Еще когда он был молод и только пробивался на мировую сцену, рано разглядевшие в нем талант отечественные журналисты восторженно писали:
«Перед нами предстал 27-летний мастер, владеющий всеми тайнами вокального искусства, артист редкой искренности и непосредственности. Художник романтического склада, пленяющий возвышенностью чувств и высокой человечностью. Он вводит вас в своей мир идеалов пения, поражающего не мощью голосовых связок, а филигранным звучанием каждой ноты, каждой фразы. Надо быть среди слушателей, чтобы самому ощутить напряженную тишину зала, внимающего русской песне «Ноченька», идущей от сердца исполнителя. Невольно вспомнились слова великого итальянского баритона Тито Гобби о том, что красивый голос это хорошо, но и чрезвычайно мало, ибо певцу необходимо обладать еще величайшей культурой и искренностью чувств…»
И чтобы во всей полноте увидеть контраст между тем, что могло быть и что стало в итоге – еще раз вернемся к периоду отъезда.
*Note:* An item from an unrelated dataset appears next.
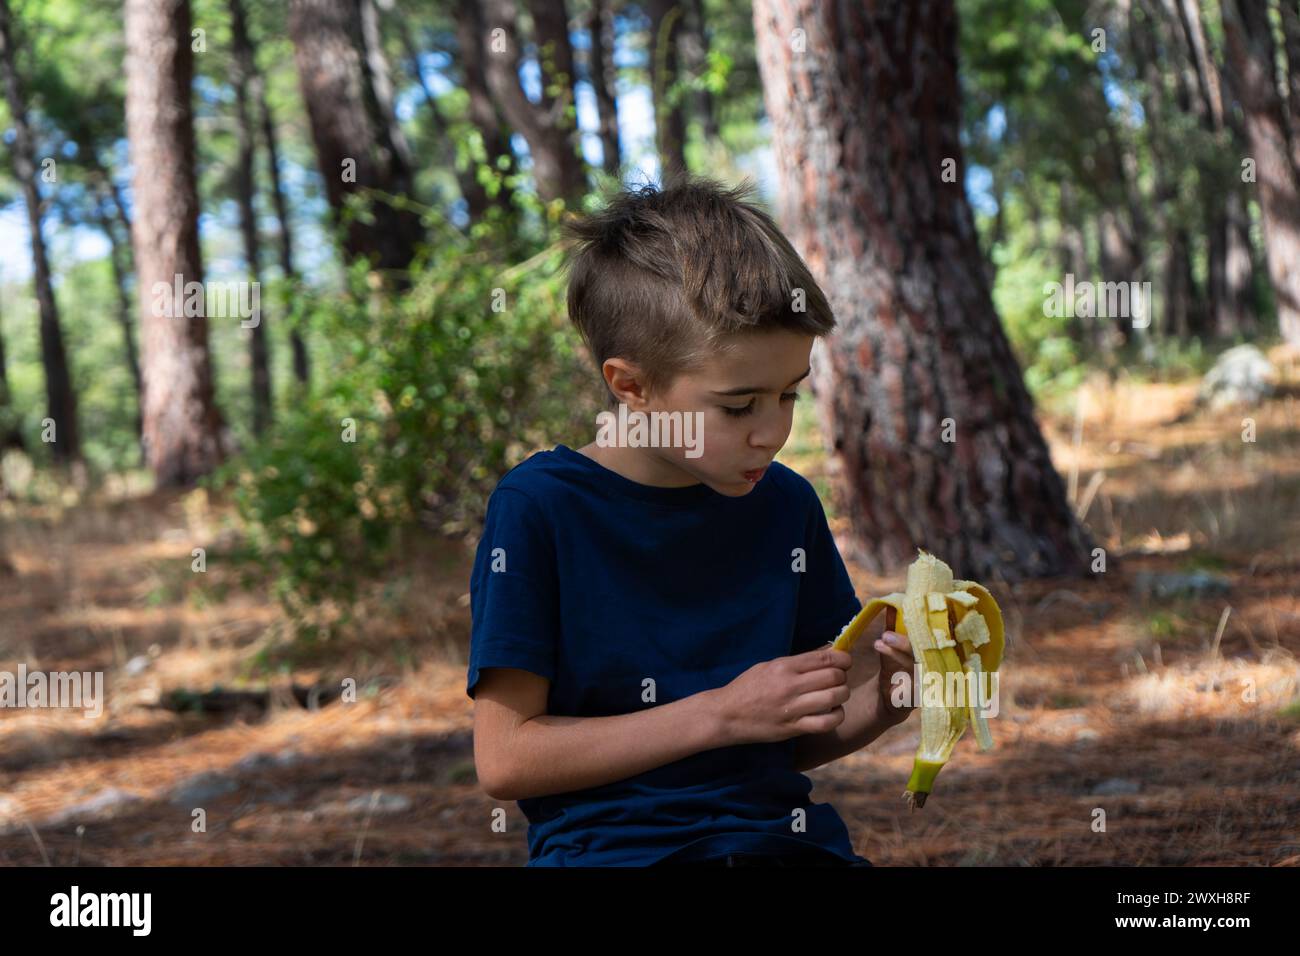 Child eating a banana in the forest Stock Photo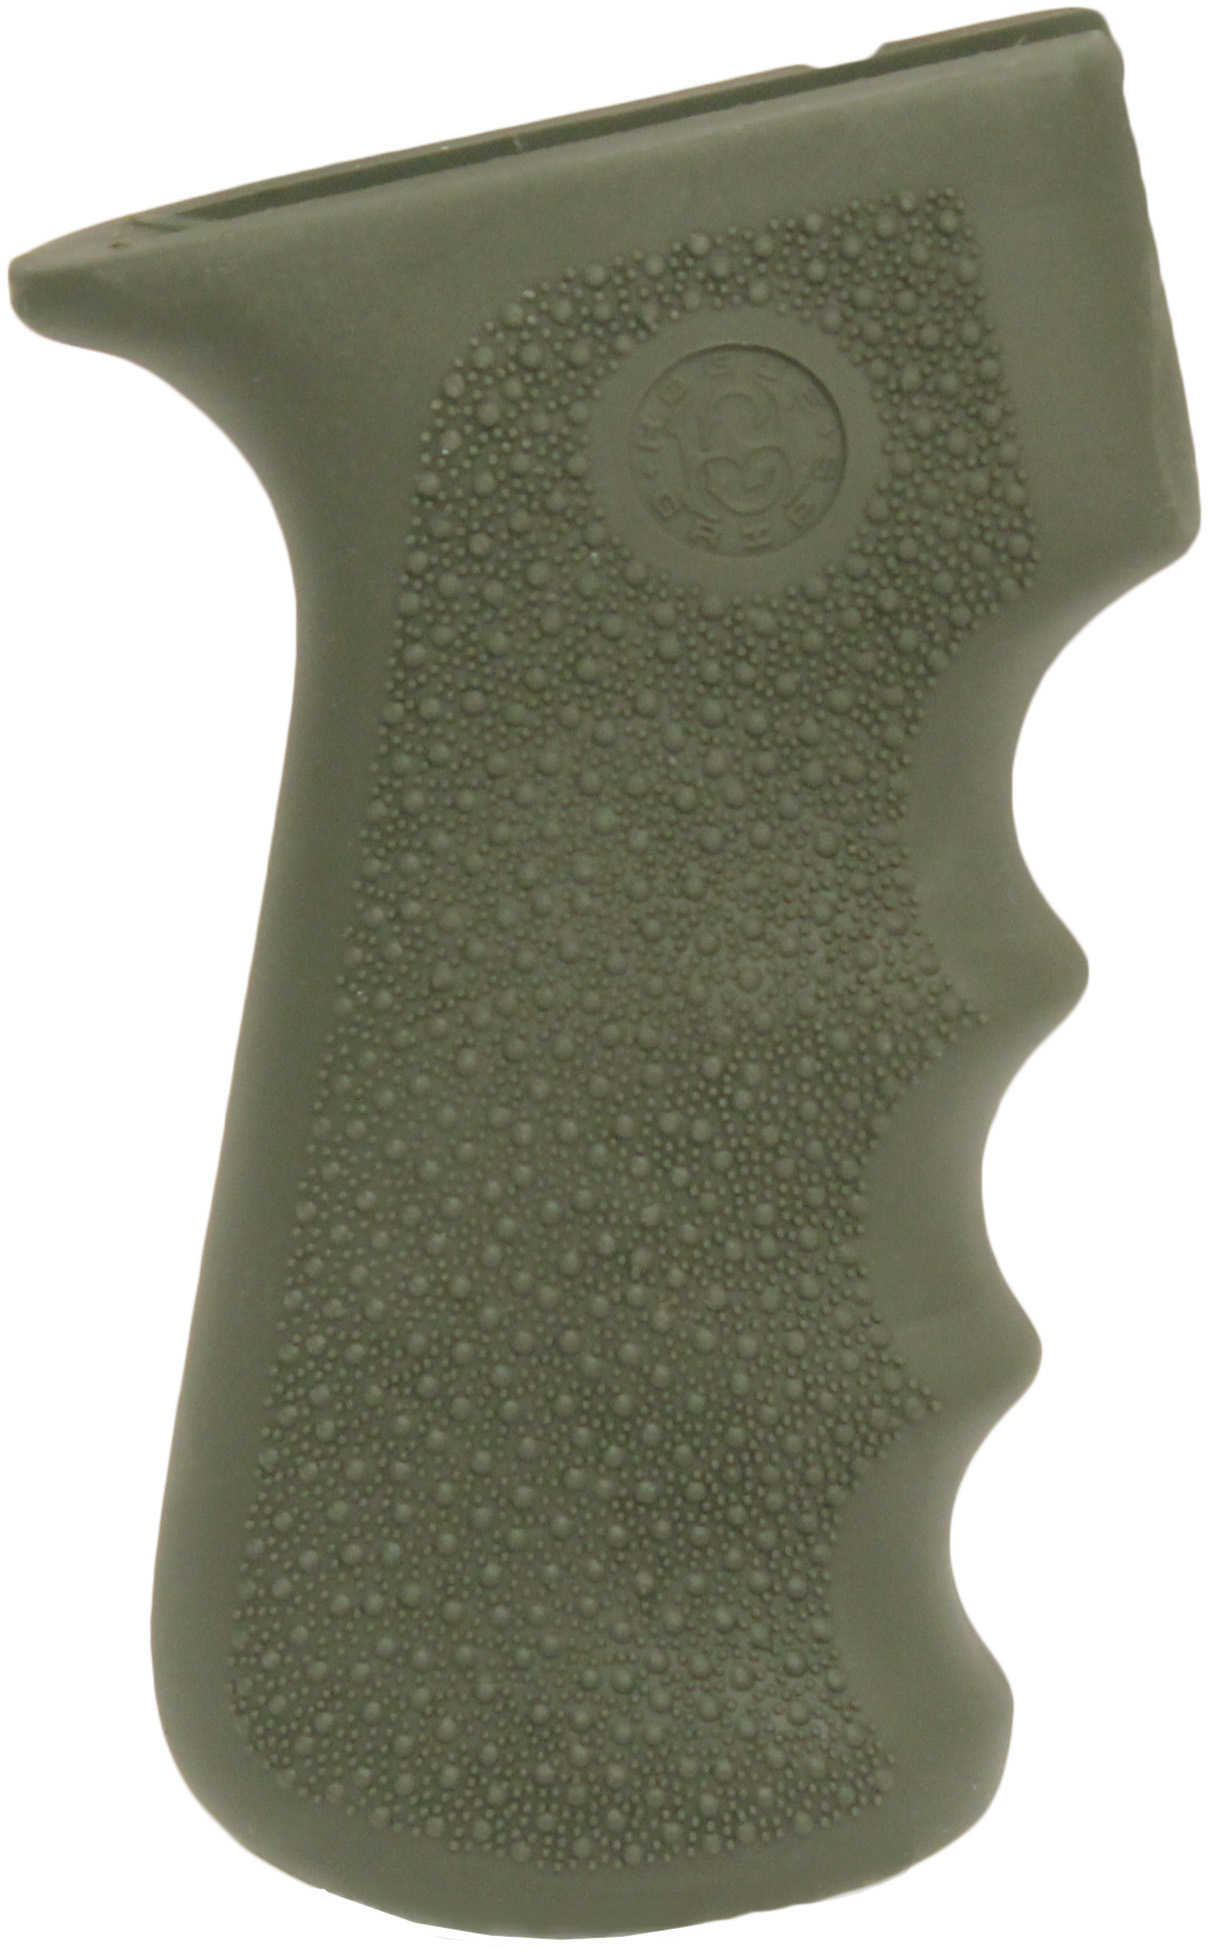 Hogue Grips Overmolded Rifle Fits AK-47/AK-74 Finger Grooves Rubber OD Green 74001

Не для того, чтобы пожалеть и поплакать: какой талантище потеряла страна, а чтобы понять, как по-настоящему талантливый человек пробивает себе дорогу в жизни при самых неблагоприятных обстоятельствах. Ибо подобные ситуации будут еще не раз, причем в любой стране мира, и с любым из потенциально талантливых людей.
– У нас, русских, есть какая-то особая генетическая программа – талантливо выходить из ситуации, – тонко подметил как-то маэстро.
Или вот фрагмент интервью далекого 2006 года, свидетельствующий о стойкости духа русских людей.
«А. Максимов: Сейчас Вы уже всемирно известный певец. Когда началась Ваша карьера, Вы стали выступать в западных театрах, как Вы себя там ощущали?
Д. Хворостовский: Не в своей тарелке.
А. Максимов: Это что значит?
Д. Хворостовский: Во-первых, я плохо понимал то, что вообще происходит вокруг меня. Я плохо понимал текст, на котором я пою. Я плохо понимал режиссеров, которые мне казались негодяями и сволочами.
А. Максимов: Почему?
Д. Хворостовский: Потому что они предлагали делать что-то такое, чему я не был научен и к чему я не привык. К тому времени я считал уже себя опытным оперным артистом, так как я начал работать, петь в опере очень рано, 22–23 лет от роду. Я о себе думал очень хорошо, что я уже такой, ну если не великий, то полувеликий певец, достигший определенного высокого уровня. Тем более что моя карьера так началась, как выстрел из пушки. И все у меня началось сразу на следующий день, на утро. Поэтому я, конечно, чувствовал себя некомфортно. Поэтому я через некоторое время очень получил по носу.
А. Максимов: Как дают по носу в оперном театре?
Д. Хворостовский: Как-то вышли рецензии на одну из моих оперных работ, где меня очень не хвалили. И прочитав эти статьи, я сначала разозлился, потом пришел в полное отчаяние, потом начал переосмысливать практически все, что я имел на тот момент. И это переосмысление происходит и по данный момент.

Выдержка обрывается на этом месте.